Though the rebellious beer brand quickly rose to fame, Dickie’s departure follows a long string of struggles for BrewDog. The company announced last month it would close 10 of its bars due to industry challenges. And earlier this week reports surfaced that BrewDog beers were removed from about 2,000 pubs across the U.K. The brewery’s most popular beer, the Punk IPA, was removed from 1,980 pubs, marking a 52 percent decline in distribution. One brand cutting ties with BrewDog is Loungers, a U.K. bar chain that claims it’s replacing BrewDog beers with competitors like Camden Town and Beavertown instead.

“It’s going to be a tough battle. I do think the brand is probably going to really struggle to establish the kind of relevance it probably had 10 years ago,” Loungers CEO Alex Reilley told “The Telegraph.”
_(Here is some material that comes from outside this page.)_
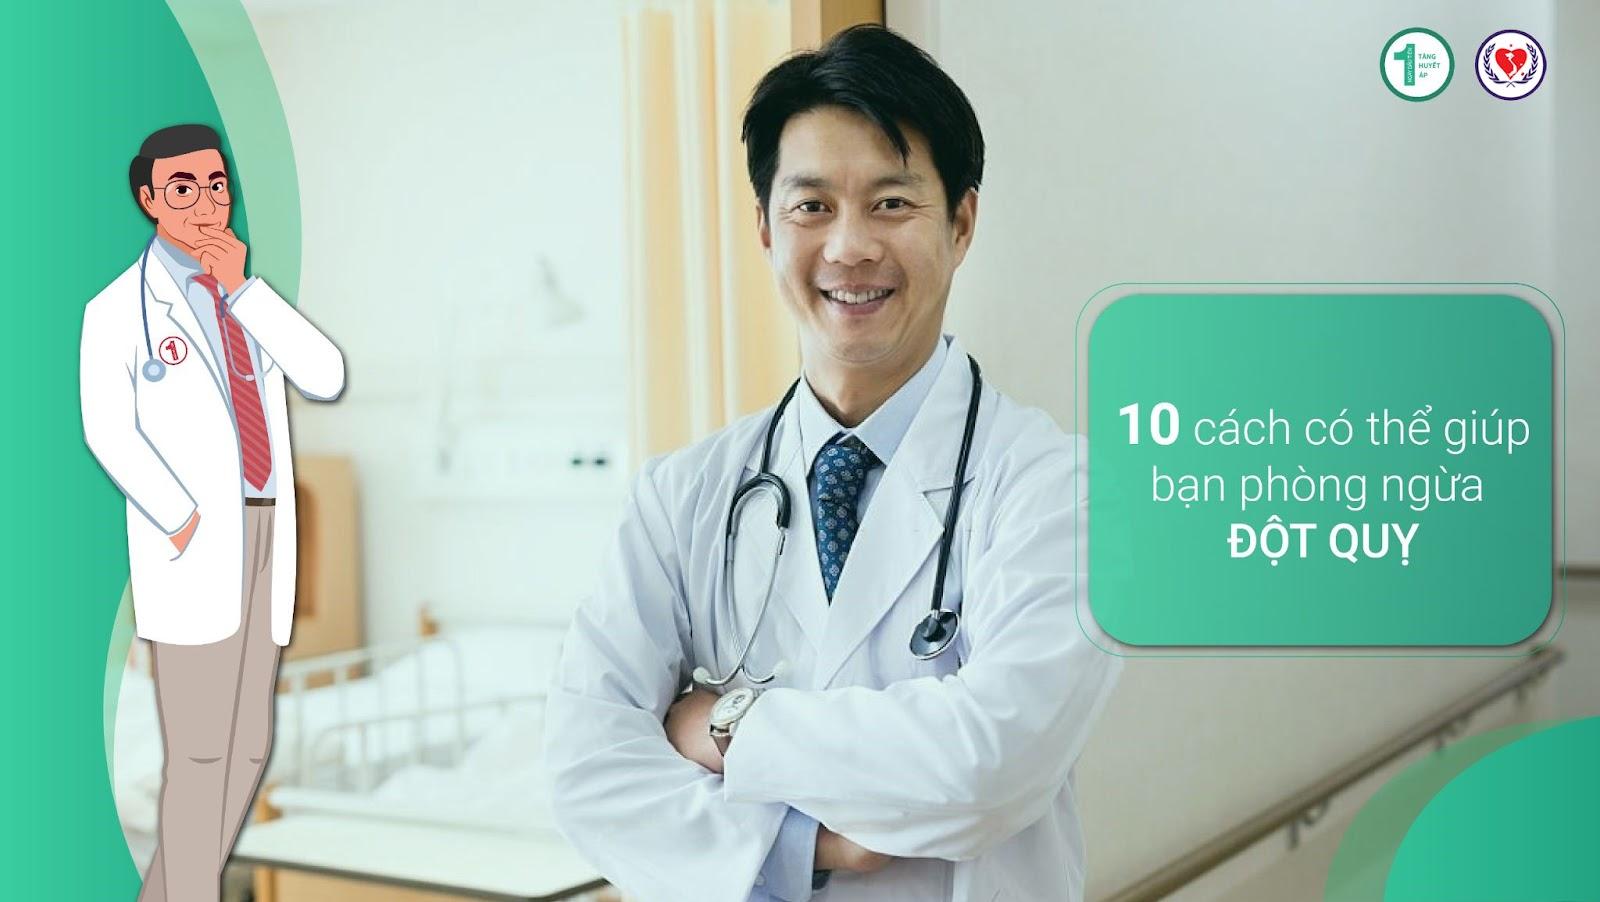 10 cách có thể giúp bạn phòng ngừa Đột quỵ 3
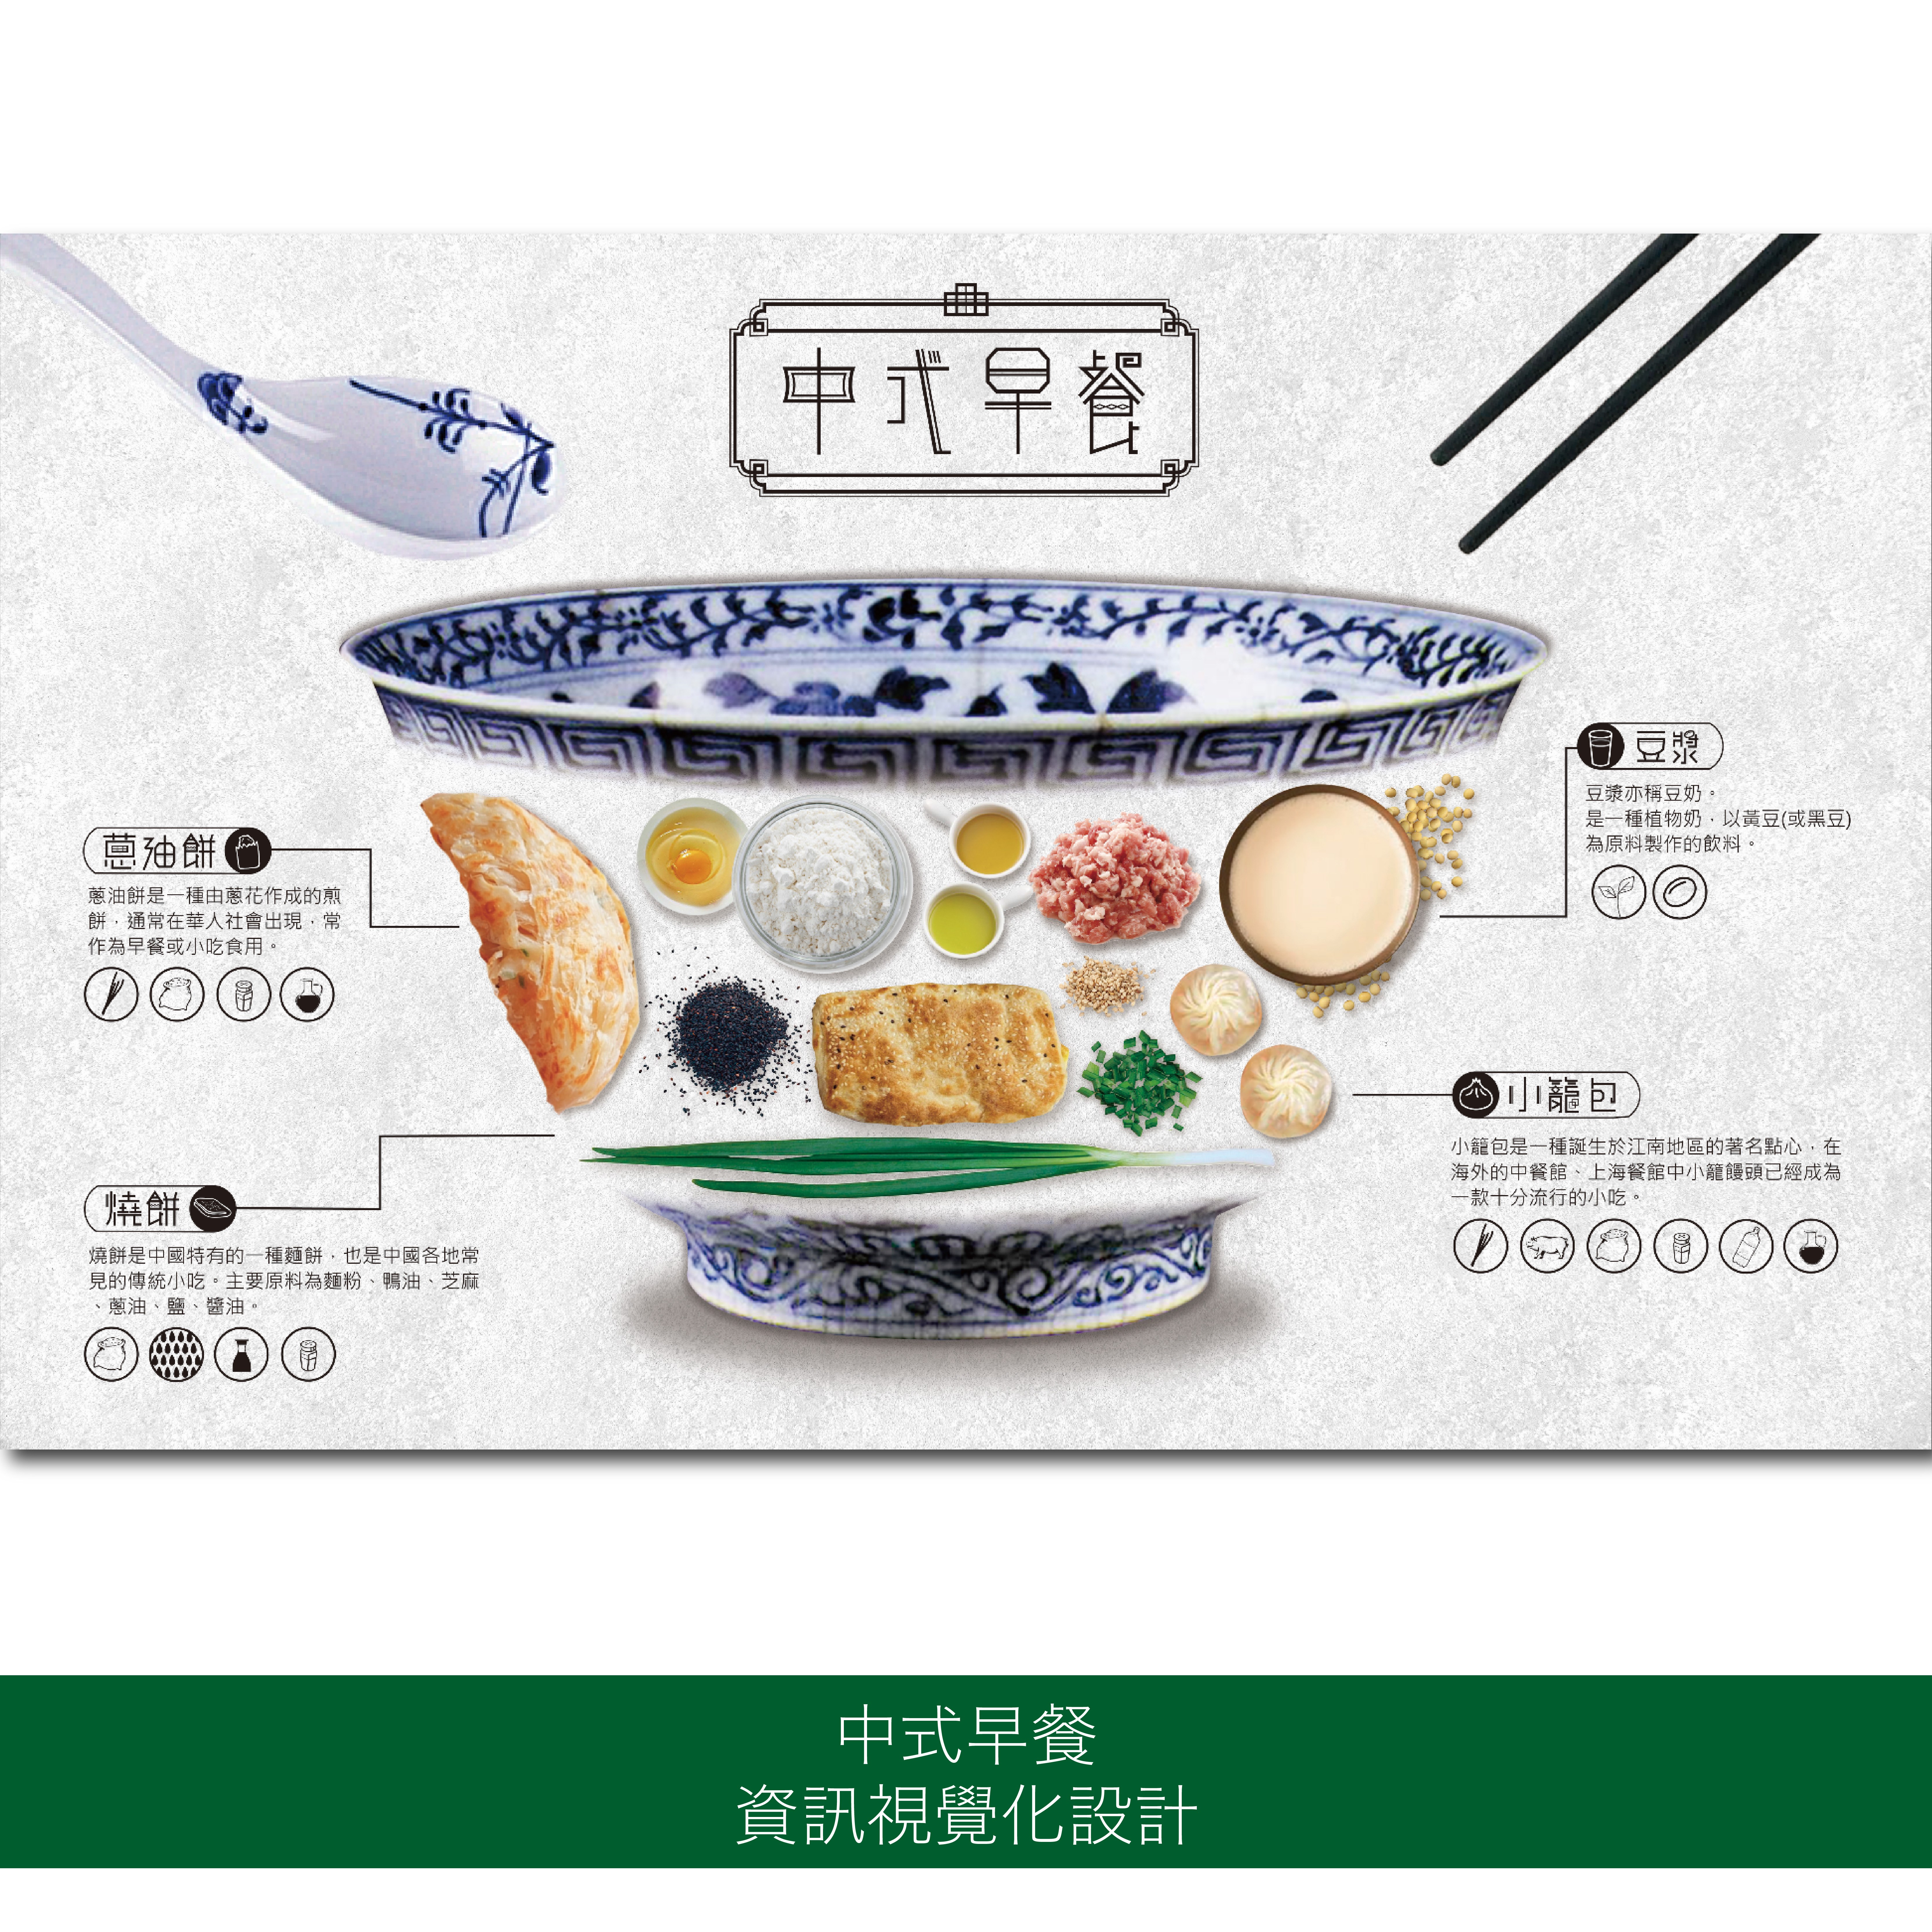 中式早餐資訊圖像化-ImPossible

This also comes after Watt, Dickie’s fellow co-founder, stepped back from the company last May, following a series of allegations regarding the company’s culture. In June 2021, over 100 former employees accused Watt of creating a “culture of fear” in the workplace in an open letter.

“You have inflated egos and fostered a culture within craft beer that deifies founders, and gives weight to sexist and misogynistic brewers who claim to be standing up for free speech,” the letter claimed. “You have become a lightning rod for some of the worst attitudes present on both the internet, and in real life.”

Dickie’s departure is the latest blow to BrewDog, and with its current financial struggles, it’s unclear what the future holds for the brand. Though the industry as a whole is facing a number of challenges, it’s possible that Brits are just bored with the BrewDog schtick.

VP Pro Take

In Silicon Valley, there are two main types of start-up founders: business founders, and technical founders. Ideally, they find each other, with the latter’s coding skills and hands-on production complementing the former’s fundraising charisma and big-picture vision. This isn’t always the case in the brewing industry, but it was the case at BrewDog, with Dickie doing the brewing and Watt charming the press (not to mention thousands of “equity punks” along the way.) “I’m responsible for production and James is in charge of all the other things,” Dickie told The Scotsman in a 2014 interview. “That’s one of the best things about it.”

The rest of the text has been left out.